Time evolution of the vertical flux profile as the slope of the particle size spectrum is varied linearly in time from p = −2 on day 16 to p = −4.5 on day 19, after which it is held constant. The total mass flux exiting the euphotic layer is held constant and other parameters are fixed at α = 0.03, r = 0.05 d−1, and β = 5 × 10−6 m−1.

The particle size spectra (PSD) at a depth of 500 m (Fig. 10) reveal that the bump in the flux profile (Fig. 9) is caused by a relative abundance of large particles compared to small particles at the base of the euphotic layer.
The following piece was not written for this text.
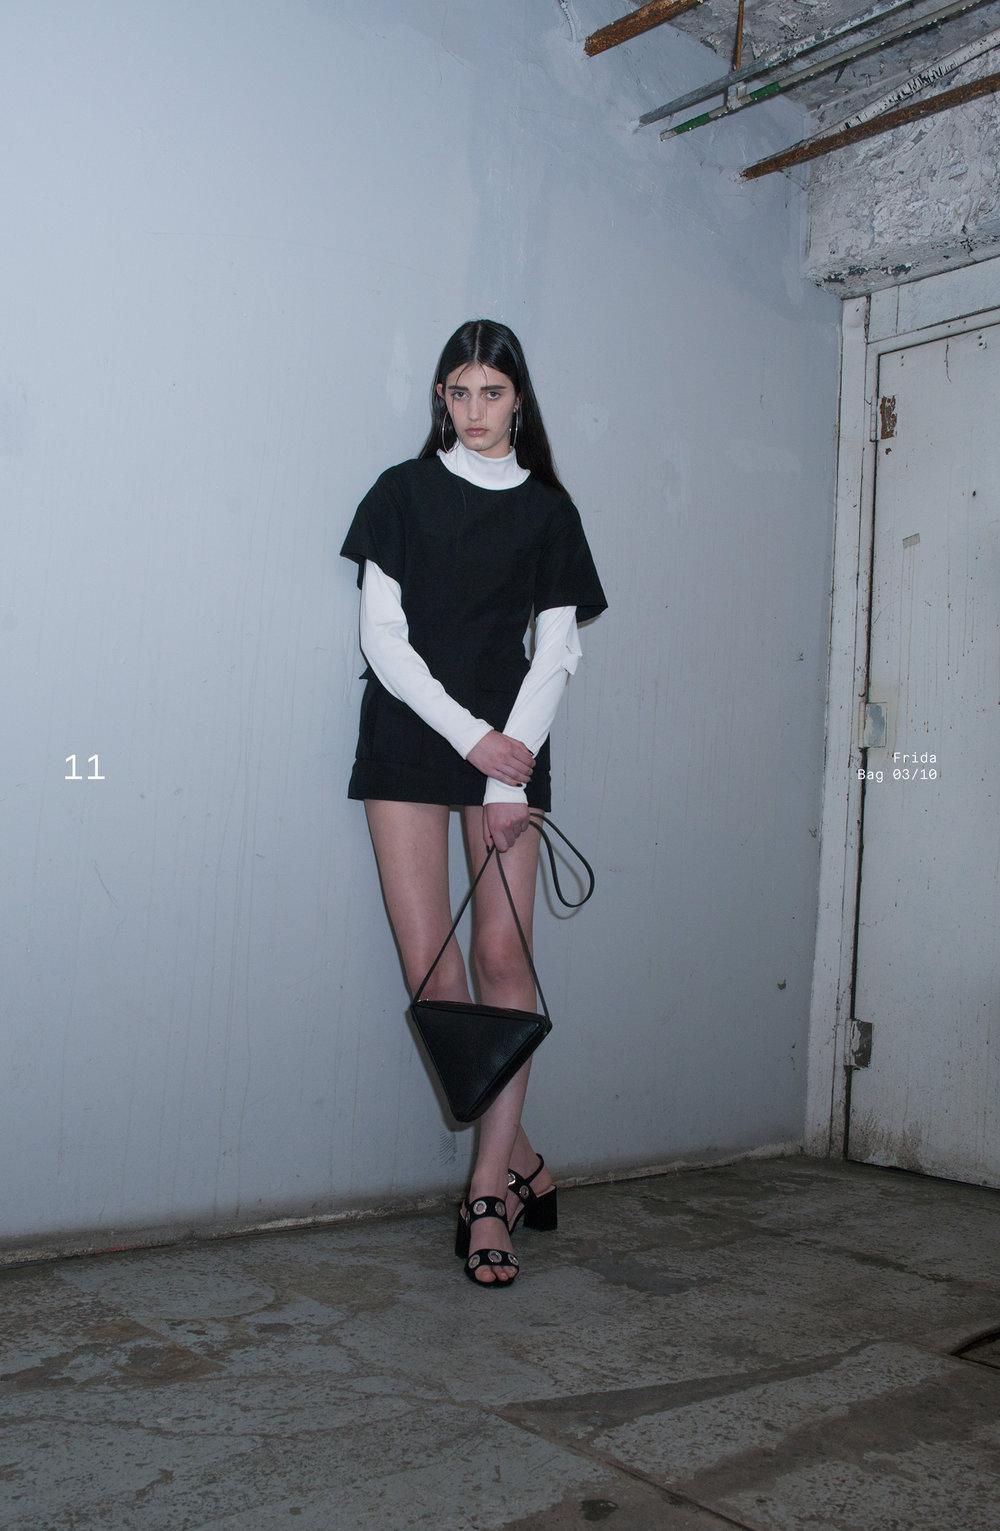 Sonya Lee - Frida Bag 03/10

On day 19, the size spectrum at z = 0 m is steepened so there is a reduction in the number of large particles entering the water column. However, it takes time for this information to reach depth, so the size spectrum at z = 500 m is still relatively flat, and there are more larger particles at z = 500 m than at z = 0 m on day 19. This excess of large particles at depth creates the subsurface maxima in mass flux seen in Fig. 9. Similarly on day 22, the excess of large particles at z = 1250 m results in another subsurface maxima in mass flux.

Figure 10
figure10

Time-evolution of the particle size spectrum (PSD) at z = 500 m as the number spectral slope at the surface was varied from p = −2 to p = −4.5. The largest particles transition more rapidly to the new steady-state, and the smallest particles transition more slowly.

Furthermore, the numerical model reveals how the transition between two steady states occurs. Because larger particles sink faster in this model, the transition between two steady-state spectra occurs starting with the largest particles. For example, Fig. 10 shows the time-evolution of the size spectrum at z = 500 m. As p is steepened at z = 0 m, the spectrum at z = 500 m steepens starting from the largest particle sizes. By day 22, the largest three particle sizes have already reached the new steady-state spectrum. In contrast, the smaller particles do not reach the new steady-state spectrum until day 32. This is because the small particles sink more slowly, so it takes longer for information about changes in small particles at the surface to reach depth.

Discussion

There have been several attempts10,12 to mechanistically reproduce the canonical Martin flux profile from first principles using only a few parameters. Here, we derive the flux profile based on four parameters: the excess particle density α, the change in seawater density with depth β, remineralization rate r, and spectral slope of the particle size distribution p. We examined the influence of each of these parameters over a range of realistic values derived from literature (Table 1) and/or observations (Fig. 4). Most Stokes’-derived analyses of sinking oceanic particles to date have not accounted for the change in the density of seawater with depth, despite some observational evidence that it may be of importance for certain particle types59. Our work suggests that β becomes increasingly important in cases where \(\frac{\beta }{\alpha }z > 1\), and appears to be disproportionately important for porous particle aggregates that are permeated by the surrounding water (and differ from those presented here). Some field and laboratory based observations support this premise. For example, accumulation of marine snow of moderate to high porosity is observed60 at high density gradients in the water column. More recently, it was pointed out61 that particle accumulation at density interfaces may be enhanced by the diffusion-limited exchange of low density water entrained within aggregates. For incompressible particles, we recommend using a value of β derived from linear fits to the absolute water density, which is relatively constant throughout different regions and seasons (Fig. 4a). For particles with a compressibility similar to that of seawater, using β derived from a linear fit to the potential density of seawater would be more appropriate (Fig. 4b).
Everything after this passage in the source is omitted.